When a collection is deleted, only the collection and everything associated with it (bookmarks, annotations, page order, brightness, rotation, historic versions, "seen/unseen" information, etc.) are deleted. The original documents themselves are not deleted.

To automatically clean up documents stored on PVC/filesystem backends, see PVC Document Cleanup below.

Configuring Automated Deletion via Helm

You can configure the grace period and the execution interval/time for the deletion job using Helm. Below is an example Helm configuration:

jobs:
deletion:
enabled: false # Set to true to enable the deletion job
cron: "0 0 0 * * ?" # Default cron expression for nightly deletion at midnight
gracePeriodInDays: 1 # Default grace period of 1 day
transactionBatchSize: 500 # Default batch size for deletion transactions
  • enabled: Enables or disables the deletion job.
  • cron: Specifies the cron expression for scheduling the deletion job. The default value 0 0 0 * * ? schedules the job to run every day at midnight.
  • gracePeriodInDays: Specifies the number of days a collection must be marked for deletion before it is actually deleted. The default value is 1 day.

Example Usage

To enable the deletion job and set a custom schedule, modify the Helm values as needed. For instance, to run the deletion job every Friday at midnight with a grace period of 7 days:

jobs:
deletion:
enabled: true
cron: "0 0 0 * * FRI"
gracePeriodInDays: 7
transactionBatchSize: 500 # Default batch size for deletion transactions

PVC Document Cleanup

Documents uploaded to Dossier Organizer's internal storage (PVC/filesystem) during operations such as flow-based exports may become orphaned over time — for example, if an export job completes or fails without the collection being deleted. These documents are no longer referenced by any collection element but still occupy storage.

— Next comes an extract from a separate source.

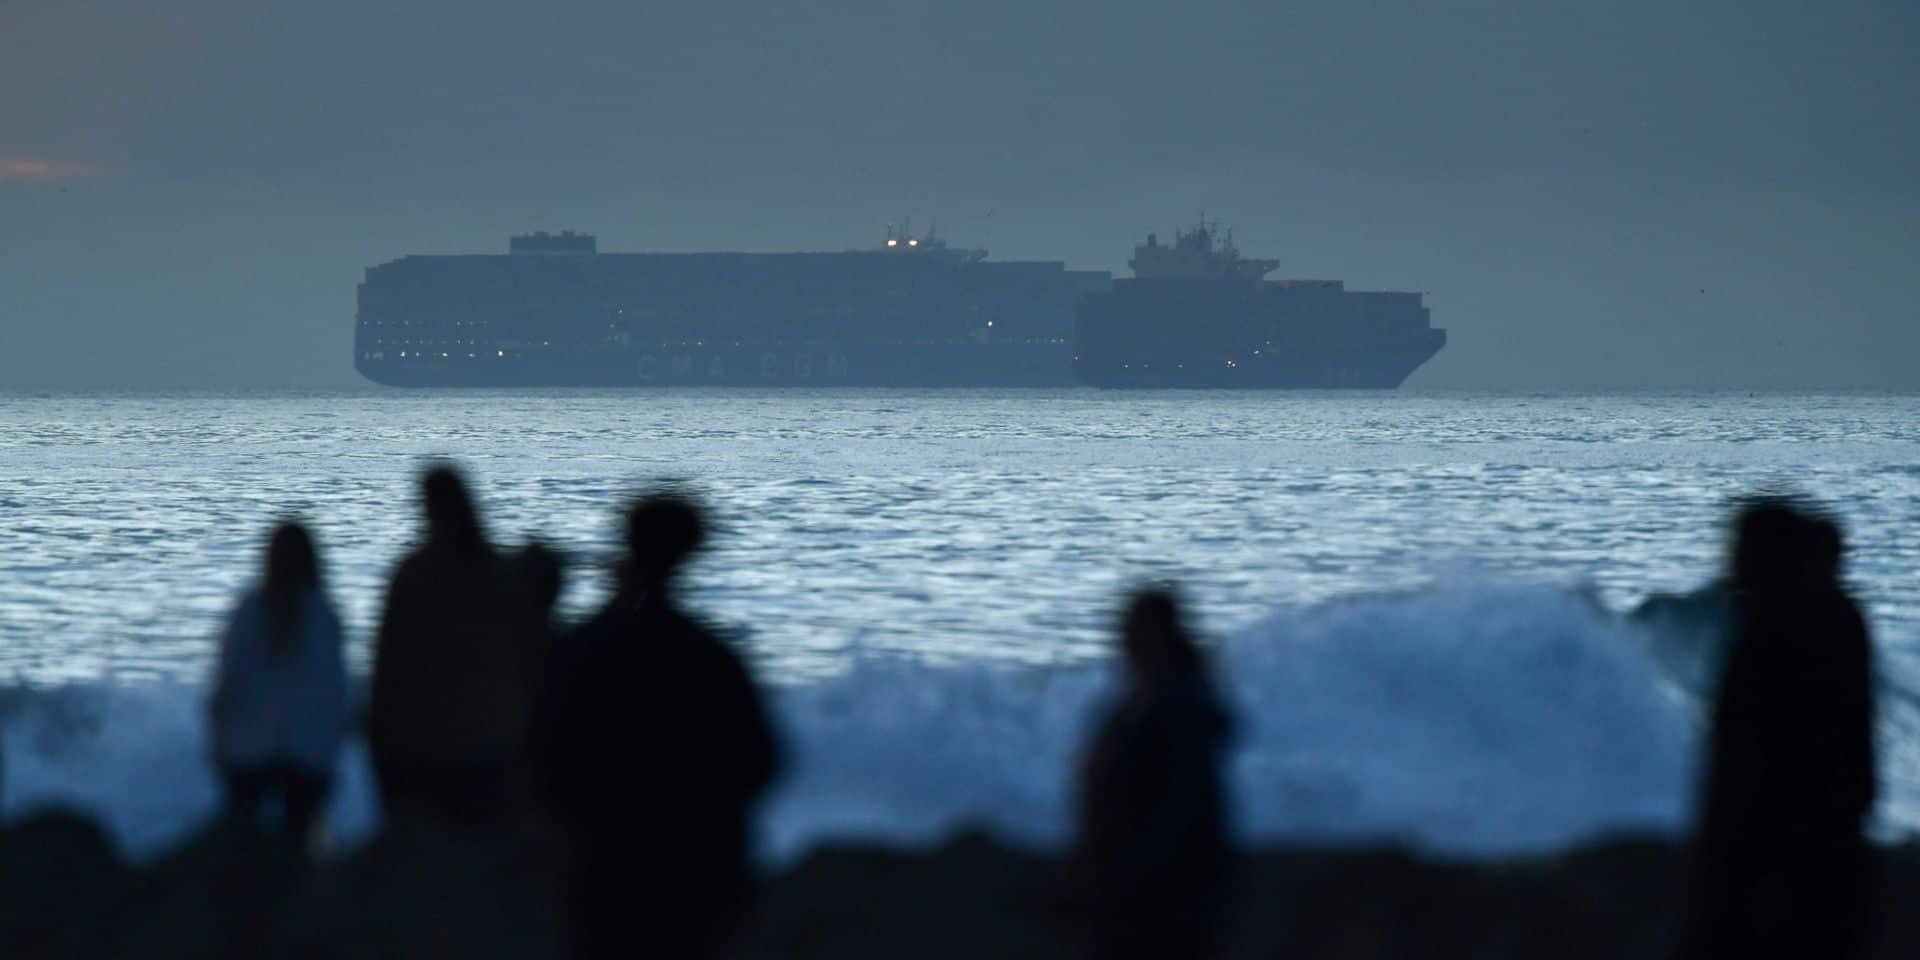 L'ancre d'un navire à l'origine de la marée noire en Californie?

The PVC Document Cleanup Job runs on a schedule and removes such orphaned documents once they are older than a configurable retention period.

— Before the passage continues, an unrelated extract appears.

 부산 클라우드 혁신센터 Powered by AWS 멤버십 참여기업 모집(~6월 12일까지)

Note: This job is only relevant when using a filesystem or EhCache backend (i.e. PVC storage). It is not needed for S3-backed deployments, where storage lifecycle policies can be used instead. Which backend is in use is determined by your Storage Configuration, so review that page first — it is a precondition for this job.

Configuration via Helm

jobs:
pvcDocumentCleanup:
enabled: false # Set to true to enable the cleanup job
cron: "0 0 2 * * ?" # Default cron expression — runs nightly at 2am
retentionPeriod: 30d # Documents younger than this are never deleted
skipCollectionCheck: true # Set to false to protect documents still referenced by a collection
  • enabled: Enables or disables the job. Defaults to false.
  • cron: Cron expression controlling when the job runs. The default 0 0 2 * * ? schedules it every night at 2:00 AM.
  • retentionPeriod: Minimum age a document must have before it is eligible for deletion. This safety margin prevents newly uploaded documents from being deleted before they are referenced. Accepts a duration with a unit suffix — d (days), h (hours), m (minutes) or s (seconds) — so sub-day retention such as 12h or 90m is supported. Defaults to 30d.
  • skipCollectionCheck: When true (default), all documents older than the retention period are deleted unconditionally without scanning collections first. Set to false to protect documents that are still referenced by an active collection element.

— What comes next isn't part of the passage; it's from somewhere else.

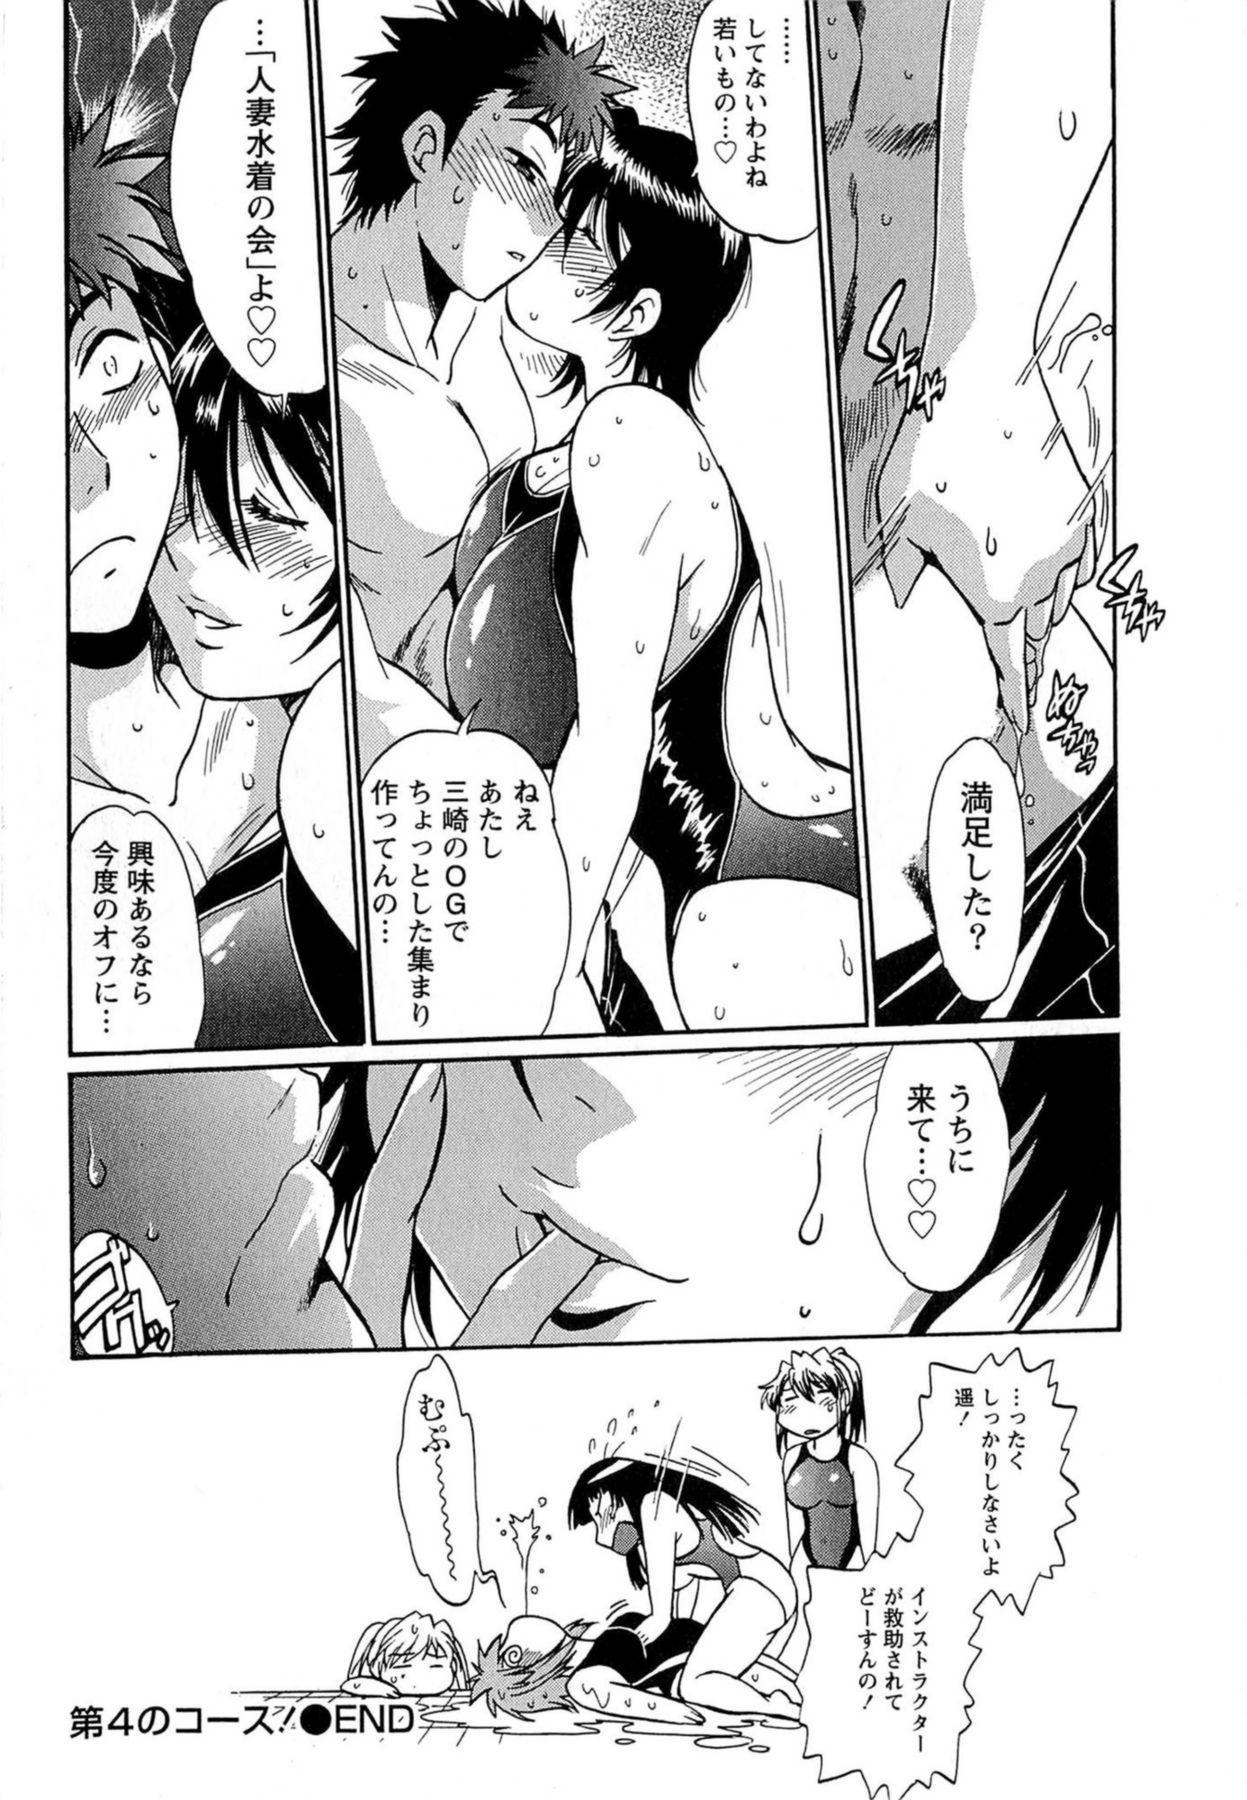 Kuikomi wo Naoshiteru Hima wa Nai! Vol. 1 106

Performance note: Setting skipCollectionCheck: false makes the job scan every collection and every element to build the set of referenced documents before deleting anything. On deployments with a large number of collections, or with very large collections, this scan can be slow and memory-intensive.

Example

To enable the job with a 14-day retention period, running every Sunday at 3:00 AM:

jobs:
pvcDocumentCleanup:
enabled: true
cron: "0 0 3 * * SUN"
retentionPeriod: 14d

Both jobs can be enabled simultaneously: when a collection is deleted by the Automated Deletion job, its documents become unreferenced and will be picked up by the next PVC Document Cleanup run.